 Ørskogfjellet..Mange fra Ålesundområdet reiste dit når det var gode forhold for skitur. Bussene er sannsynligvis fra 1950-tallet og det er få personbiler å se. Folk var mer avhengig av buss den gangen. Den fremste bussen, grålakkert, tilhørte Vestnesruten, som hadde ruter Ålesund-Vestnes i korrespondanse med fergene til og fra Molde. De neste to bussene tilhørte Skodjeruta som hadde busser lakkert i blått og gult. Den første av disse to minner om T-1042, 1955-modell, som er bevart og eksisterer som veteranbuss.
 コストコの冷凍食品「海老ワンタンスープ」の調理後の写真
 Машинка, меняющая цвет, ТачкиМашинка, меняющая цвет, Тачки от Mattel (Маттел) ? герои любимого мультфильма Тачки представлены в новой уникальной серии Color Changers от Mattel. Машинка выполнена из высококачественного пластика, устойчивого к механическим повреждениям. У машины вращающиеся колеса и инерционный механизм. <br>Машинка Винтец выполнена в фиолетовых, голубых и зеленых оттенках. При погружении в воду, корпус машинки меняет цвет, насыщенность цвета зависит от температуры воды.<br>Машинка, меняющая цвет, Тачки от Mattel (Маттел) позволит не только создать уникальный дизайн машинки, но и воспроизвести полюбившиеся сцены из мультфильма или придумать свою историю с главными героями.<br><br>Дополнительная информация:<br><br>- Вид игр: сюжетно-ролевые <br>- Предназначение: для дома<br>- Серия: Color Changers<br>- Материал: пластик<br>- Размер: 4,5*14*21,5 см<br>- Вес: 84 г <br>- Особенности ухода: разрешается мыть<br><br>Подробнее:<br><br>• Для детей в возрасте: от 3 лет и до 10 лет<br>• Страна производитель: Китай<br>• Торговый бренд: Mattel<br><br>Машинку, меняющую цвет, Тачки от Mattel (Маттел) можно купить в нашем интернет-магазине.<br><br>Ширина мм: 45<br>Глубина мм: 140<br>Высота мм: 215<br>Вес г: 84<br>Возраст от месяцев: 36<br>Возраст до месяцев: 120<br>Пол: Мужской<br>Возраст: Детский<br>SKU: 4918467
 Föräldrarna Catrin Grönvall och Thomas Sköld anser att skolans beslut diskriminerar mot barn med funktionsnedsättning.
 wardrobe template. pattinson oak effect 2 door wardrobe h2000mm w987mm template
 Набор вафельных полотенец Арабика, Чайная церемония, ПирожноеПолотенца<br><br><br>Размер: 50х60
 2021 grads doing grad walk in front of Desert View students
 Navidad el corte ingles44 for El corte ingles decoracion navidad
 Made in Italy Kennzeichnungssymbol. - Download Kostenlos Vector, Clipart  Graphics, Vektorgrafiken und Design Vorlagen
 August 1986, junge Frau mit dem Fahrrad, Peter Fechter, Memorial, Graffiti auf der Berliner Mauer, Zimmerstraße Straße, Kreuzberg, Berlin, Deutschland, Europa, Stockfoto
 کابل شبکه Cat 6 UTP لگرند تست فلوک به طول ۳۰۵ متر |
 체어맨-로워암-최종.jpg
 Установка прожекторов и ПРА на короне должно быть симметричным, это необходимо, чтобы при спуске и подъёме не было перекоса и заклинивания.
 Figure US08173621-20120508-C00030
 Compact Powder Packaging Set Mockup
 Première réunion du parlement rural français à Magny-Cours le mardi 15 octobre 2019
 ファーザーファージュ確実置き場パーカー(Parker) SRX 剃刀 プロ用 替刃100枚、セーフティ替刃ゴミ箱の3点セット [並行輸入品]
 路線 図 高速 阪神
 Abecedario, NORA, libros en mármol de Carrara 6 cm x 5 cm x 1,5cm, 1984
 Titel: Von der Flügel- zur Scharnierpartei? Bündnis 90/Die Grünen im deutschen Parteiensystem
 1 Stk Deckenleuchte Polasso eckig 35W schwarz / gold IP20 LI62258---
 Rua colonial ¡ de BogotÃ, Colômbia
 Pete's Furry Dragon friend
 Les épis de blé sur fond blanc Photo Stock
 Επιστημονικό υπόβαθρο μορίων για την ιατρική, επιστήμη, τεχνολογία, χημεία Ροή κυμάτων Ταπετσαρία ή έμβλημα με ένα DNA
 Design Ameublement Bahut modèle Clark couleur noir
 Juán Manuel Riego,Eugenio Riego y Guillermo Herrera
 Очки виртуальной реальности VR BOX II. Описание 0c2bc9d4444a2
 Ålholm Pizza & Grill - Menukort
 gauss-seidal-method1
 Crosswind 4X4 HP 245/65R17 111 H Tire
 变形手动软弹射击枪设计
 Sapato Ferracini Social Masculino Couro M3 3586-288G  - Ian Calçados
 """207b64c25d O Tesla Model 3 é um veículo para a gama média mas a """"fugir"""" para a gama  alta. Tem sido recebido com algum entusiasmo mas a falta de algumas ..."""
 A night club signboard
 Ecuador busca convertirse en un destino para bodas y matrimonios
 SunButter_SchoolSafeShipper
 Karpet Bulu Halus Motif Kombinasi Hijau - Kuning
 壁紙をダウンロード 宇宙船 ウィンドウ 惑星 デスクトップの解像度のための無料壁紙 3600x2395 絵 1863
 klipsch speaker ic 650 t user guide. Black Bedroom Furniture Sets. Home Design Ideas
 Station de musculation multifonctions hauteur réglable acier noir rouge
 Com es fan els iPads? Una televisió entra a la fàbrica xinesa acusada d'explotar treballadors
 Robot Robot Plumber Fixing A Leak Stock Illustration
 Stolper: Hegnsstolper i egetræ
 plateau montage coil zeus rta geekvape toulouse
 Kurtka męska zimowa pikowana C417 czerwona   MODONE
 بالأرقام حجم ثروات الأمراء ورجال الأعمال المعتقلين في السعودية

· · · ·

Please go through the data above and copy each line containing the word "para".

 """207b64c25d O Tesla Model 3 é um veículo para a gama média mas a """"fugir"""" para a gama  alta. Tem sido recebido com algum entusiasmo mas a falta de algumas ..."""
 Ecuador busca convertirse en un destino para bodas y matrimonios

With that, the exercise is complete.